Starting point is 00:14:04 So there's something kind of interesting. Can you talk a little bit about just where you begin in terms of like how to structure the research effort? Like if there are certain tasks you work on, if you start by working on policy or reinforcement on certain tasks or there's data you want to collect. Like how do you start? Yeah. So we have this idea we call serious use where basically we should be building agents that we want to use every day. This is actually one of the biggest blockers. It's really hard to get agents we want to use every day because of the reliability issues.
Starting point is 00:14:37 And so a lot of what we work on is coding agents, but we also work on agents for other operational business processes. And that kind of helps drive, oh, okay, like these parts of the agent loop are really complicated. Like, can we simplify them? Can we make them more reliable? And in a lot of ways, it is an incremental kind of set of work that helps us get from like, you know, 60% reliable to 70% reliable to 7%. 70% to 80%. And that's what forces development of new techniques. It's not like, oh, magical, you know, we train a giant model and stick everything into it and then magically it works. Like, it does not work. It'll get better at random parts of the agent loop, but that's not what we want.

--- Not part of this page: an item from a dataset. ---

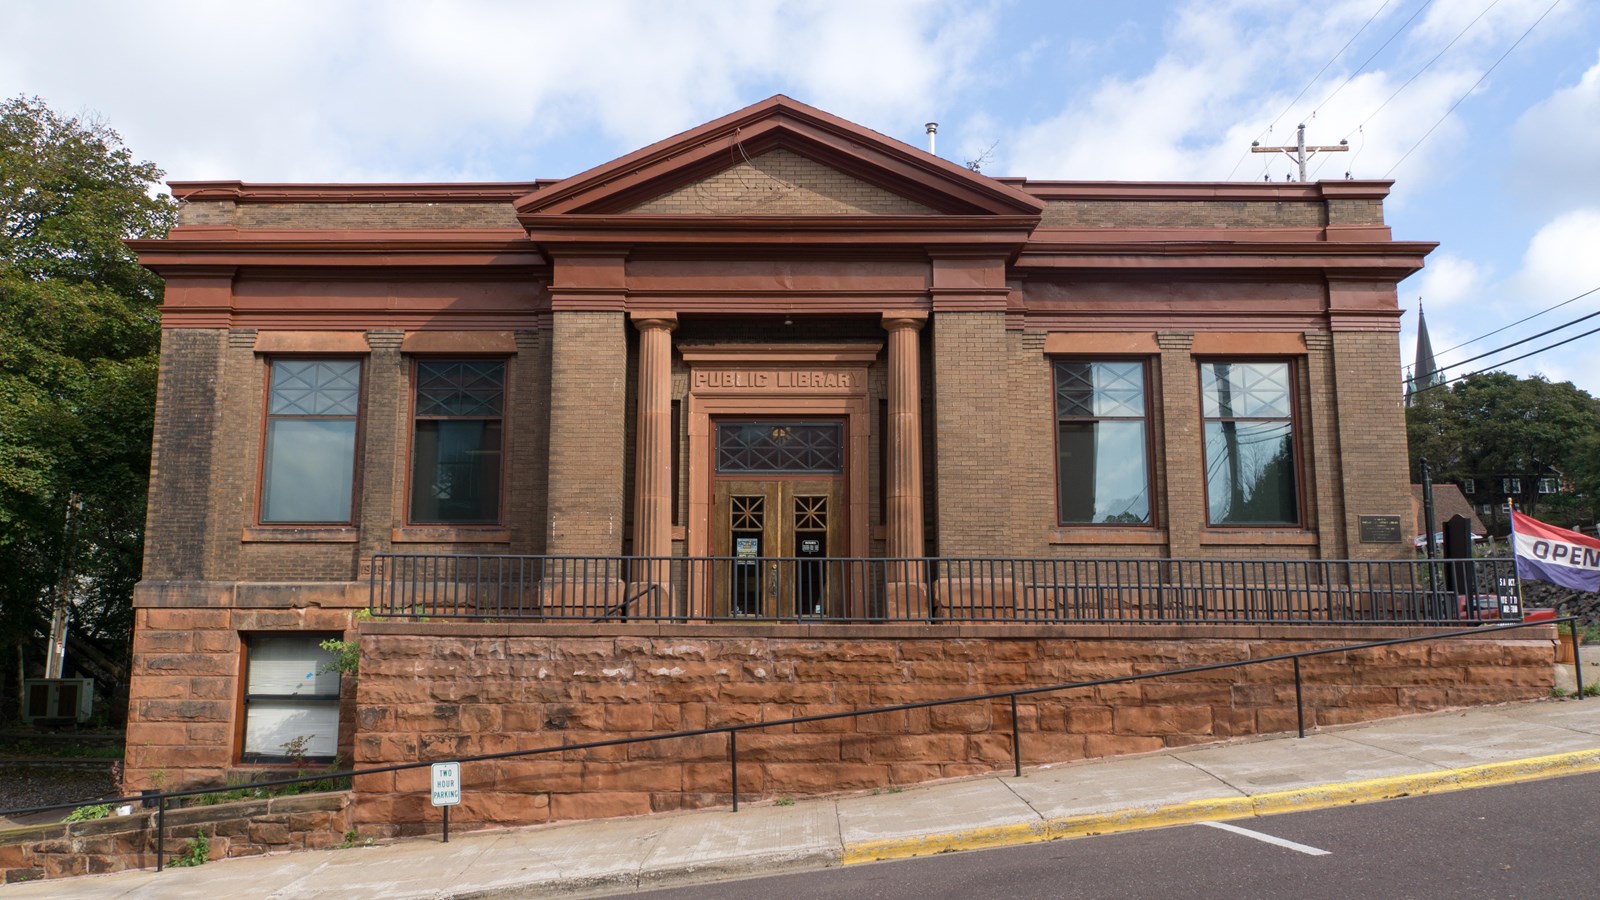 brick building with red sandstone foundation. A sign above the main entrance reads: public library.

Starting point is 00:15:16 And is the premise here, like you start with a serious use, smaller task in code or something like a, like a recruiting communication automation task? Or how do you choose? Yeah. We pick tasks kind of depending on a bunch of. different factors. One, like how useful, how frequent, how possible is this going to be to do, right? How generally applicable is it? How much is it going to help push the techniques that we want to push forward? Does it scale to more complex versions of the task? Yeah. So we're purposely trying to pick, you know, some with some diversity. Like we have, you know, one agent that will just go do a random to do in your code base. And so this can be super, super general. It can take a really, really long time to do
Starting point is 00:15:54 this, right? And we have another, on the opposite end of that spectrum is we have an agent that we'll look at every single pull request and run linter against it and ask, like, okay, are there any type errors? Okay, how do I fix them? All right, great. Here's like a PR with me fixing the type errors for you, but very, very specific. But really, you can imagine how, you know, you can invoke the to-do agent to fix a specific type error, and you can expand the type error fixer to do unit tests and to do security flaws
Starting point is 00:16:20 and to do renaming these variables. And they sort of meet in the middle as you kind of make these things both more capable. And so there are just different ways of kind of looking at the problem of how do we make a useful coding agent. And Eli, to your point of kind of the specialized versus general dichotomy, one thing that is kind of interesting that we're seeing in agents is, like, agents can call subagents. So our to-do agent can figure out, like, oh, there's already a sub-agent for this thing for this function you're trying to write. And like, let me call that sub-agent because it seems likely to succeed. And then if I try it and it doesn't succeed, I'll do something else. And so
Starting point is 00:16:52 you can kind of have this like more general reasoning layer and also a bunch of sub-agents where That general reasoning layer is actually very specific. It's a specific planner. It's not that good at, like, browsing the web and things like that. But the system itself altogether is more general as a result. How do you guys do evaluation for both these, like, let's say, categories of agents that you're working with today from the, I assume, more closer to production grade to do to broader coding agents? Yeah. The evaluations, I think, are actually one of the most important parts and one of the places where we spend the most,
Starting point is 00:17:28 time and think about it kind of the most. There's a lot of work in specifying exactly what you want from the to-do agent, for example, right? Like, how do you know, like, it gives you back some code. Okay, is that good? There's sort of a spectrum, but like, if it's faster, it's better. If it gives you less code, that's better. But if there's bugs, that's not good. So you really need to take it and, like, break down, what did I really want to happen here? And I think when you start to break this down, you start to say, okay, there's some things that are kind of qualitative, like, do I trust it? Did it come back with tests? Can I run this code immediately, like the kind of feel of it. There's other things that are just for the code itself. There are different attributes.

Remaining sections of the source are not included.